• Supplied data:
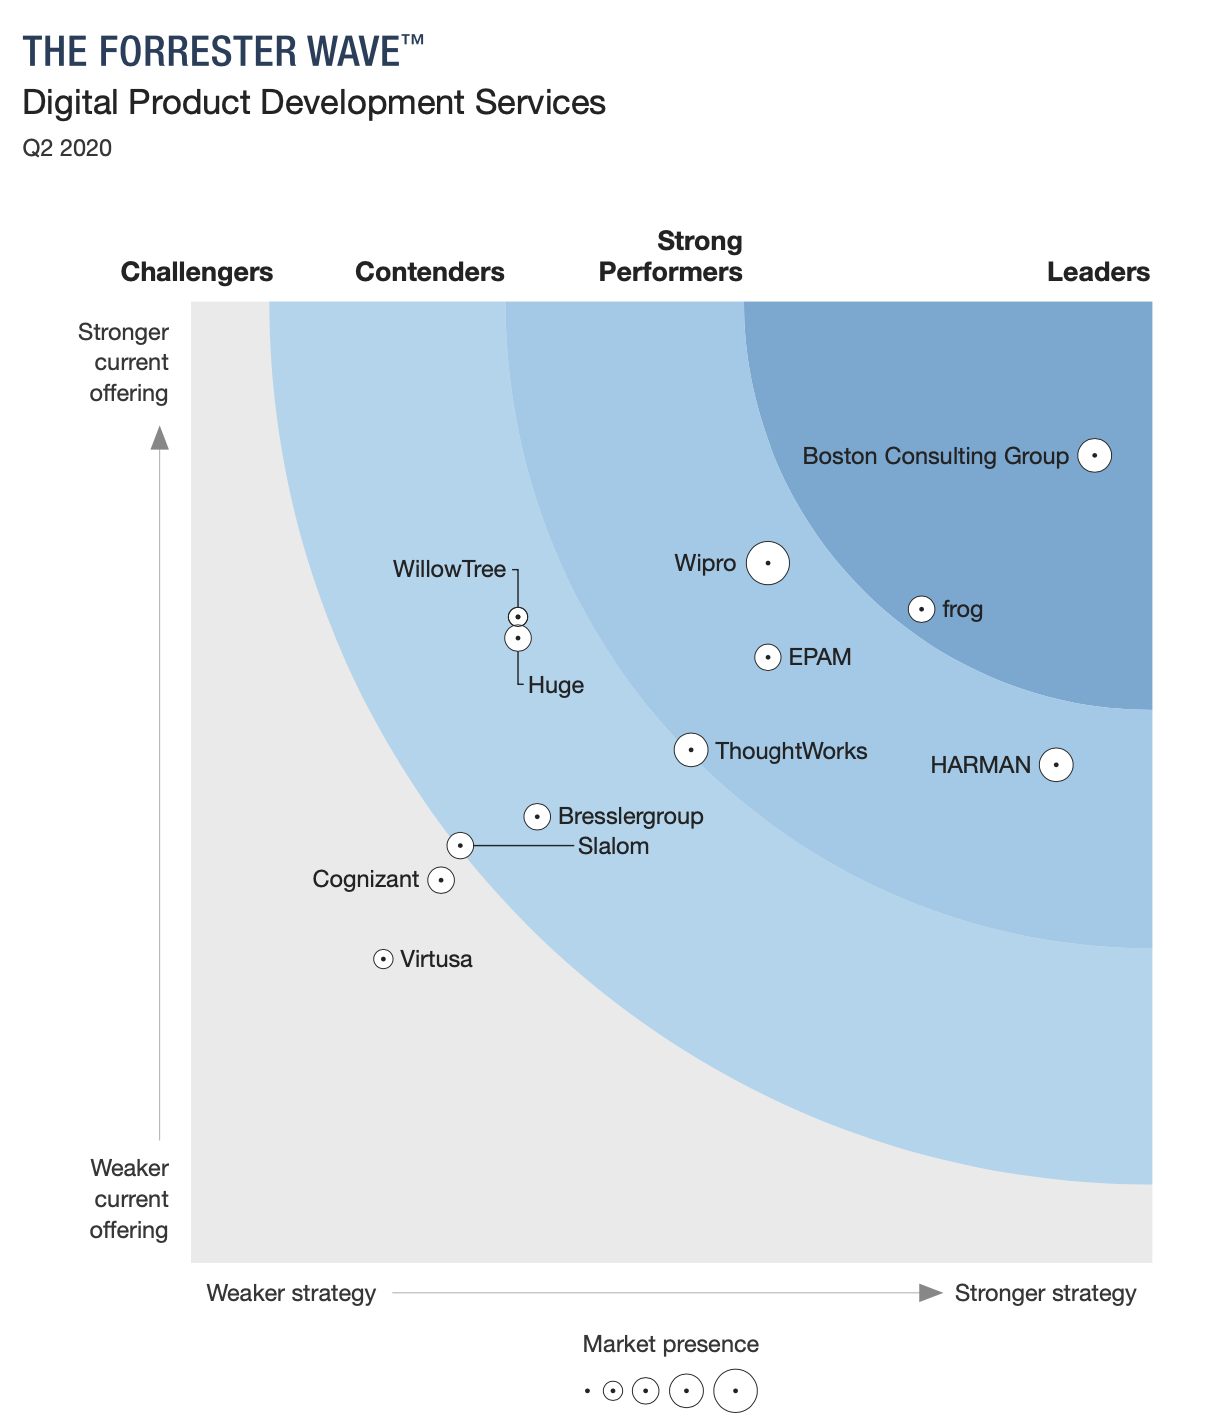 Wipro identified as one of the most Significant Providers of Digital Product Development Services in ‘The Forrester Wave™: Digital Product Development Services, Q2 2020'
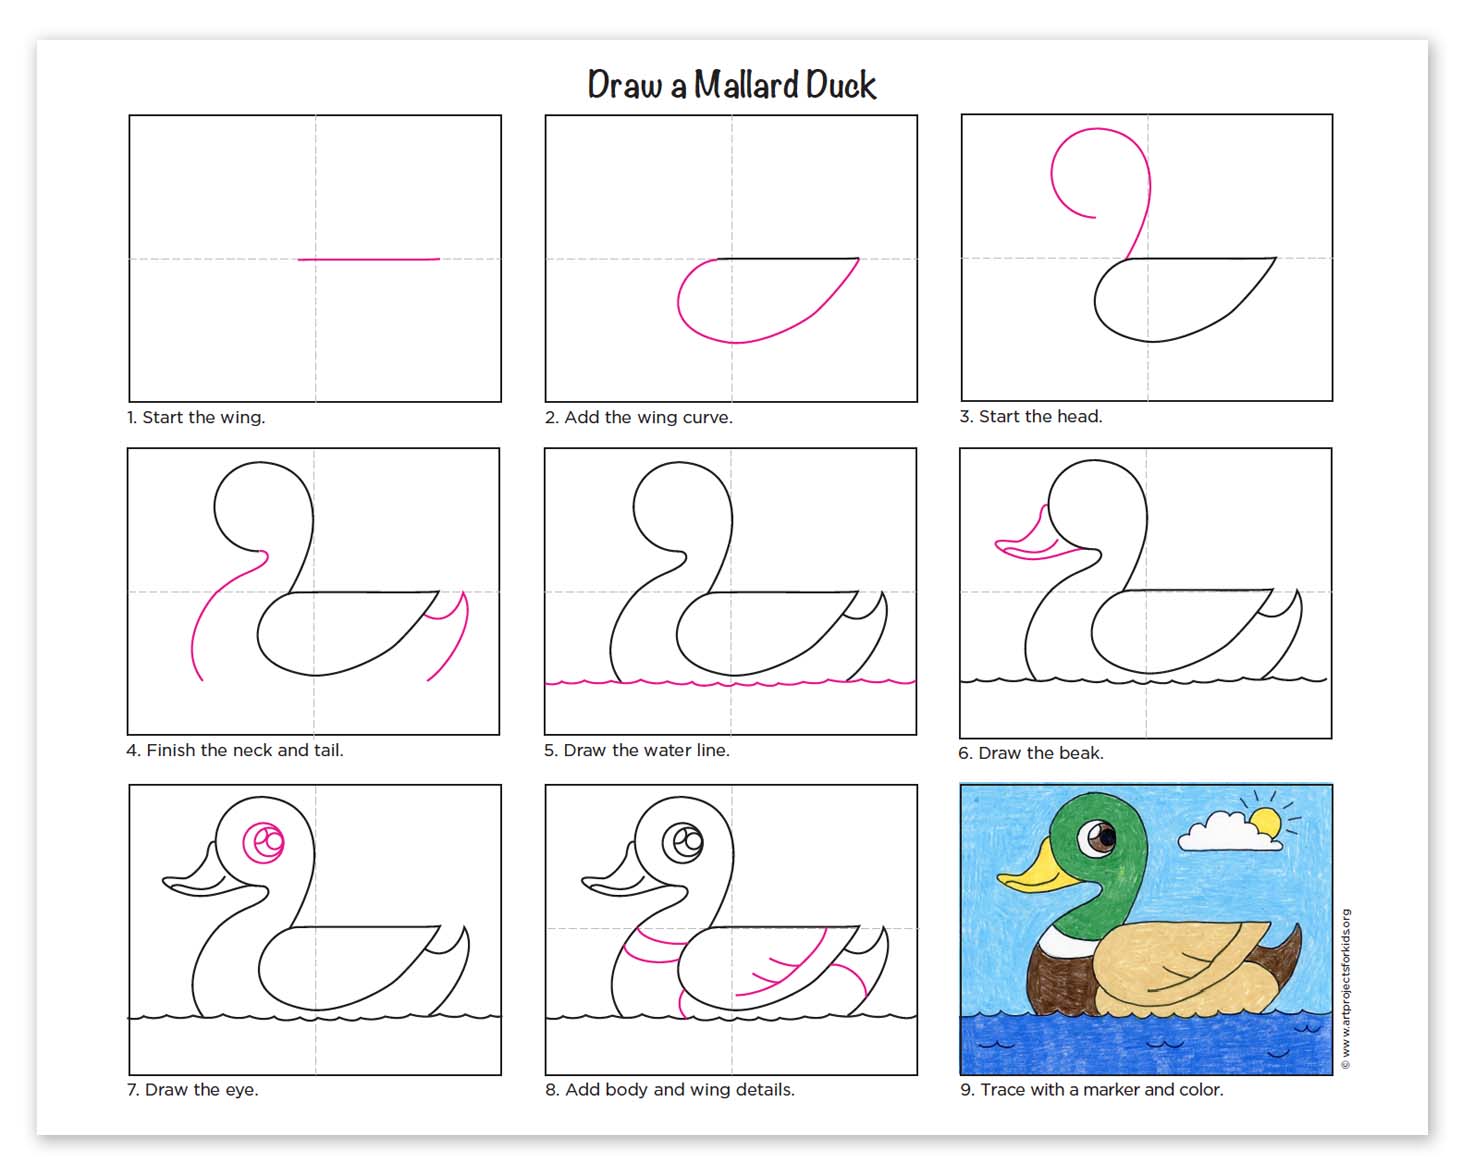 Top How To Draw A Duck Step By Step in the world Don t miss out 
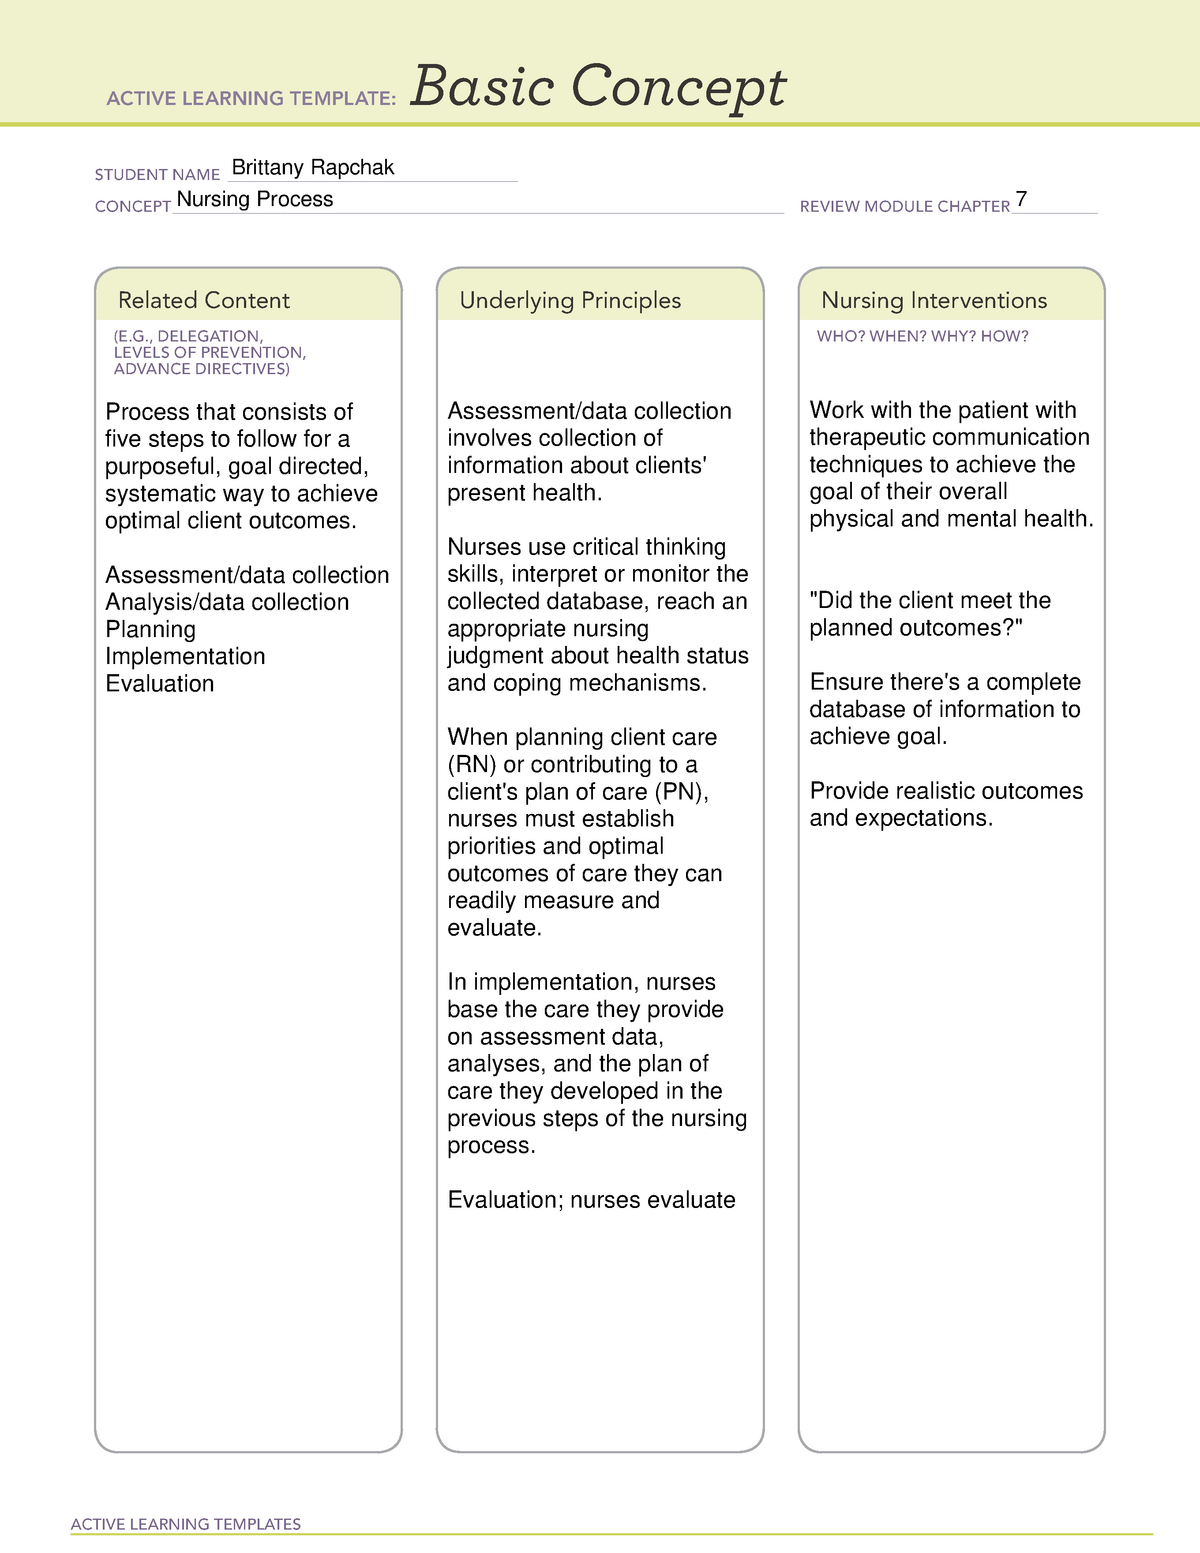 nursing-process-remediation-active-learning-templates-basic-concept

• Exercise:
All of the material above must be given again verbatim, except for the pictures.

• Reply to the task:
 Wipro identified as one of the most Significant Providers of Digital Product Development Services in ‘The Forrester Wave™: Digital Product Development Services, Q2 2020'
 Top How To Draw A Duck Step By Step in the world Don t miss out 
 nursing-process-remediation-active-learning-templates-basic-concept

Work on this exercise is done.